Amidst the pandemic, various politicians who forget history and human nature clamor for universal mail-in voting. As John Lott, Jr. reminded Wall Street Journal readers last month, “Absentee ballots remain the largest source of potential voter fraud.” That wasn’t President “Bone Spur” Trump commenting; it was the Commission on Federal Election Reform chaired by former President Jimmy Carter in 2005. American history reveals states required secret balloting commencing in 1880 and concluding only in 1950 because of America’s history of vote-buying! Lott and a University of Florida researcher discovered voter turnout decreased 8 to 12% after adoption of the secret ballot. 

Carter’s commission noted: “Citizens who vote at home, at nursing homes, at the workplace, or in church are more susceptible to pressure, overt and subtle, or to intimidation. Vote-buying schemes are far more difficult to detect when citizens vote by mail.” 
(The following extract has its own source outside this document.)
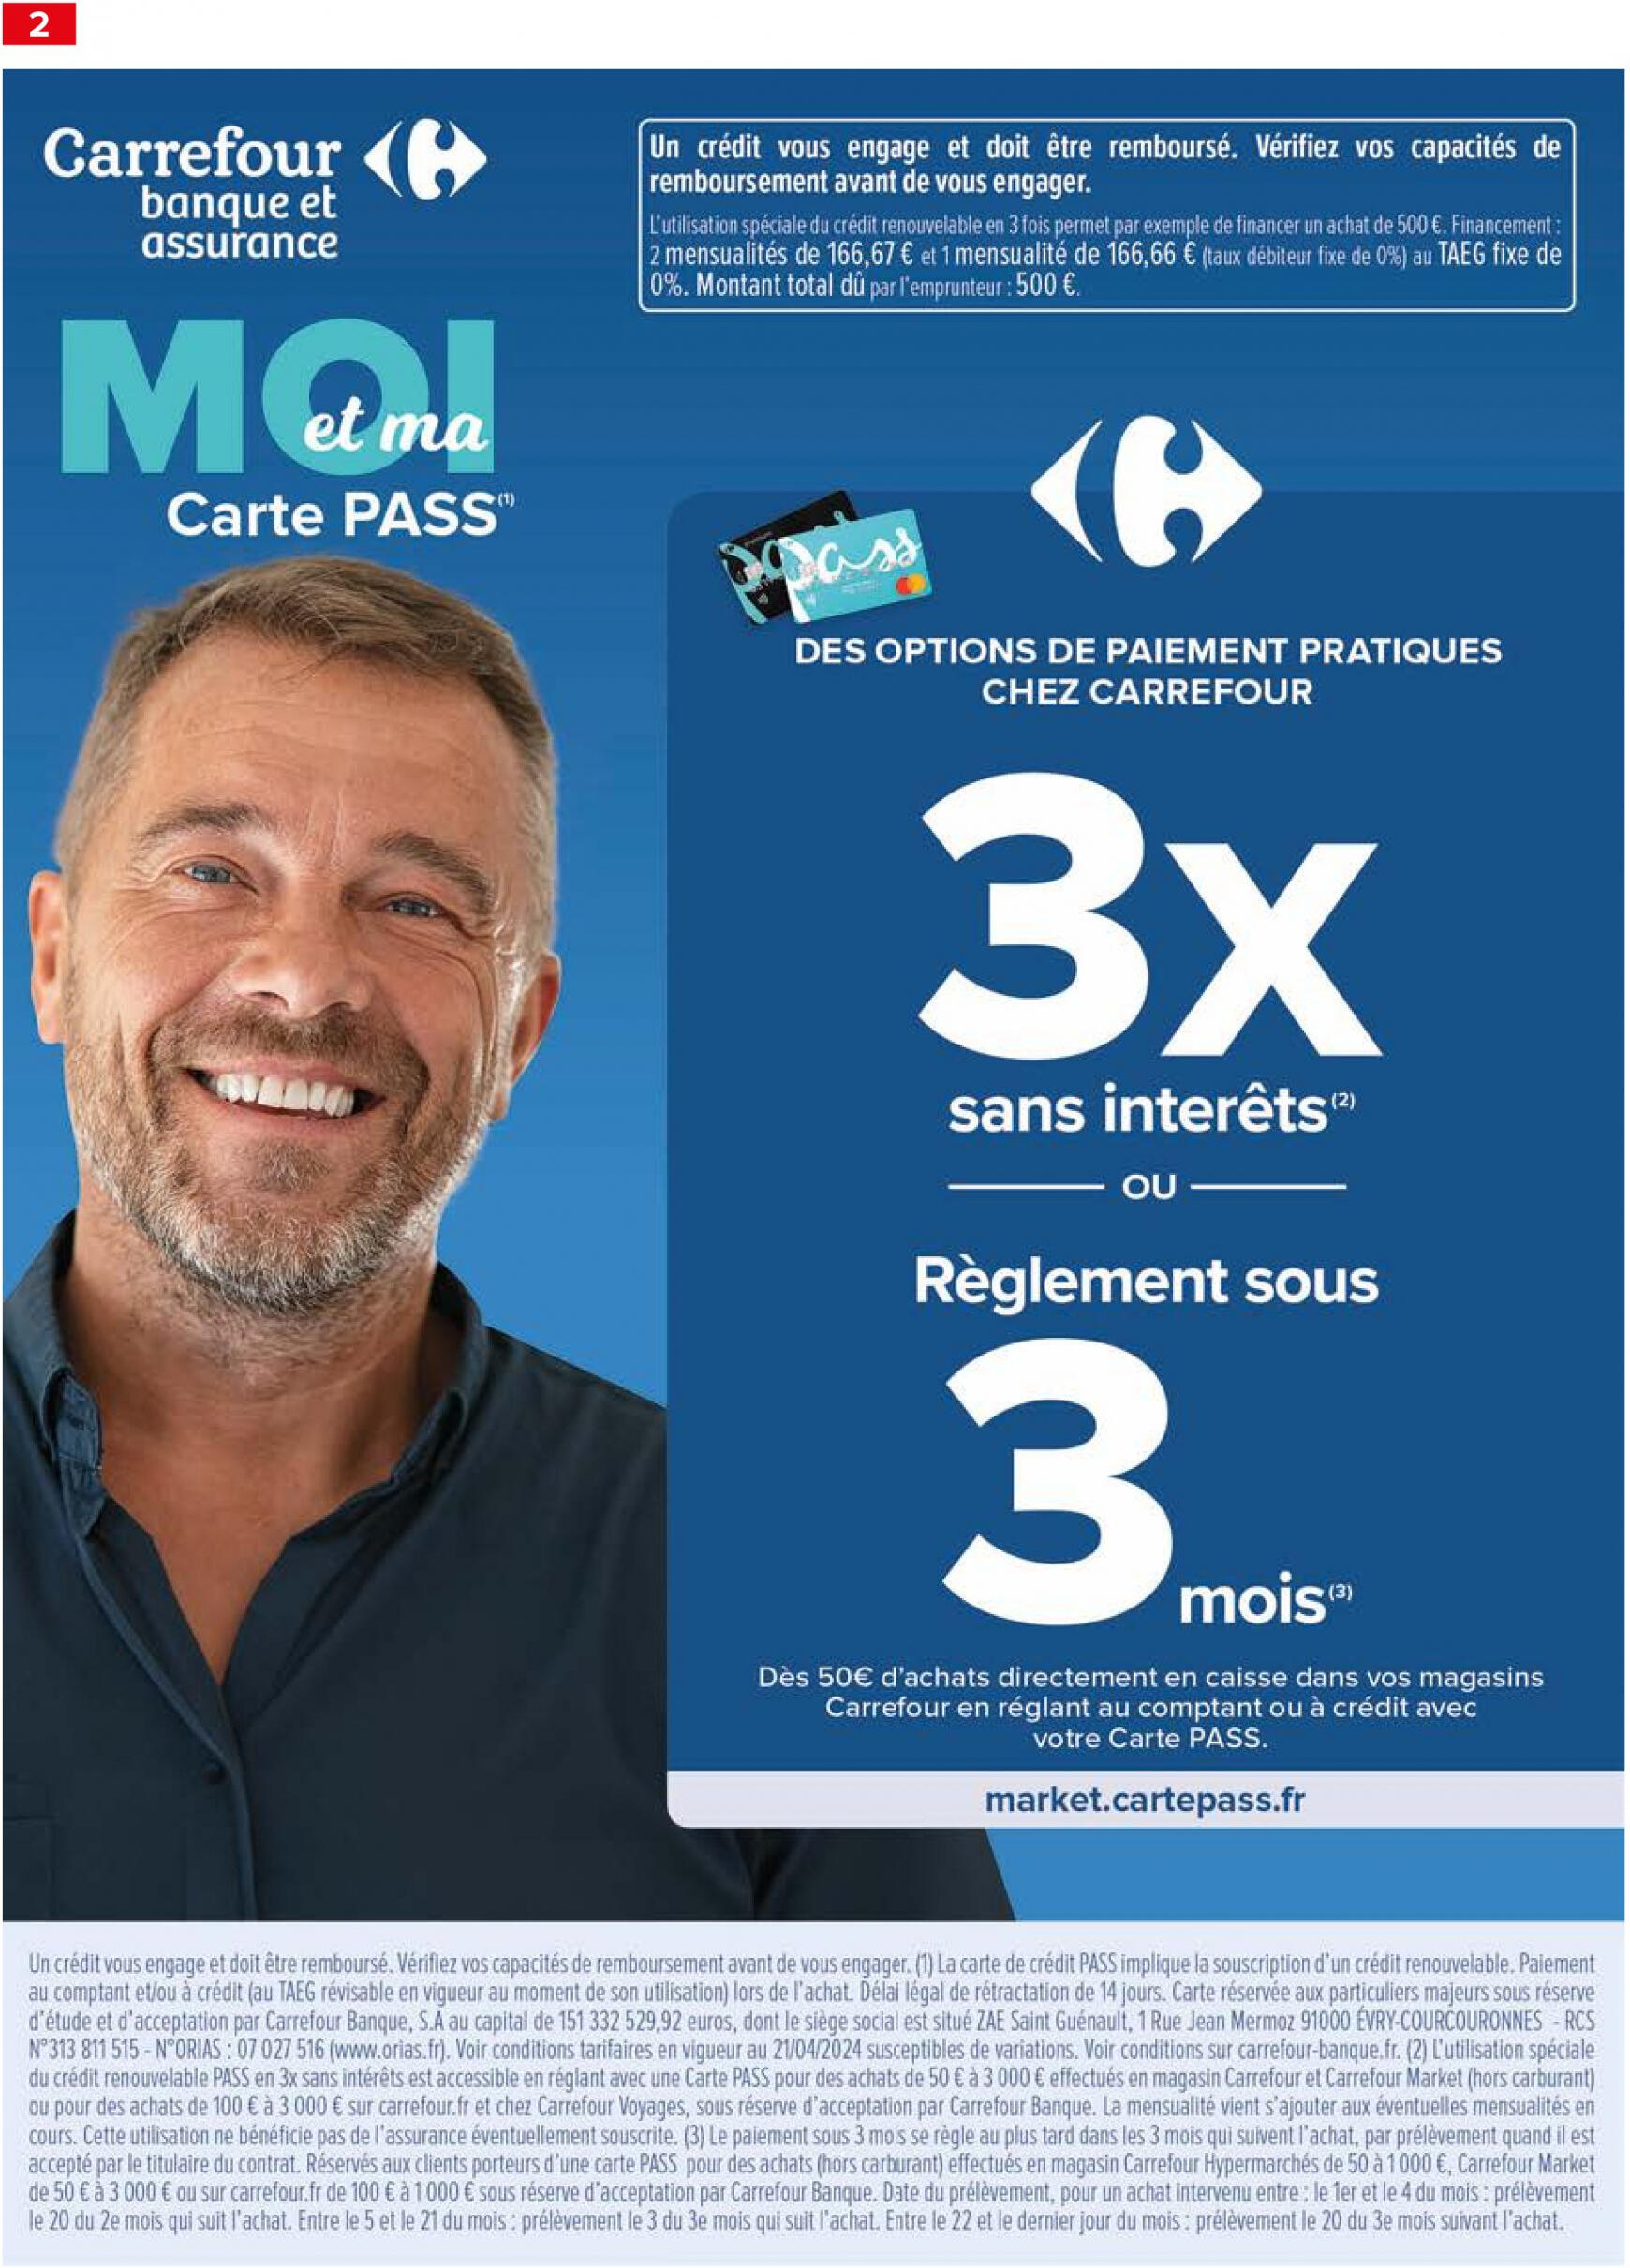 carrefour-market - Prospectus Carrefour Market - Partageons L'Esprit D'Équipe actuel 04.06. - 23.06. - page: 4

In the 1997 Miami mayoral election, 36 persons were arrested for absentee ballot fraud. The election was nullified, reoccurred, and the prior result was reversed. In 2017, a Dallas city council election investigation revealed about 700 fraudulent mailed ballots signed by the same witness using a fake name. Norway and Mexico don’t ever allow absentee ballots for their residents. Don’t be fooled by efforts to reduce ballot probity. As Thomas Jefferson observed: “To compel a man to subsidize with his taxes, a propagation of ideas which he disbelieves and abhors, is sinful and tyrannical.”

Quentin Kopp is a former San Francisco supervisor, state senator, member of the SF Ethics Commission  and retired judge.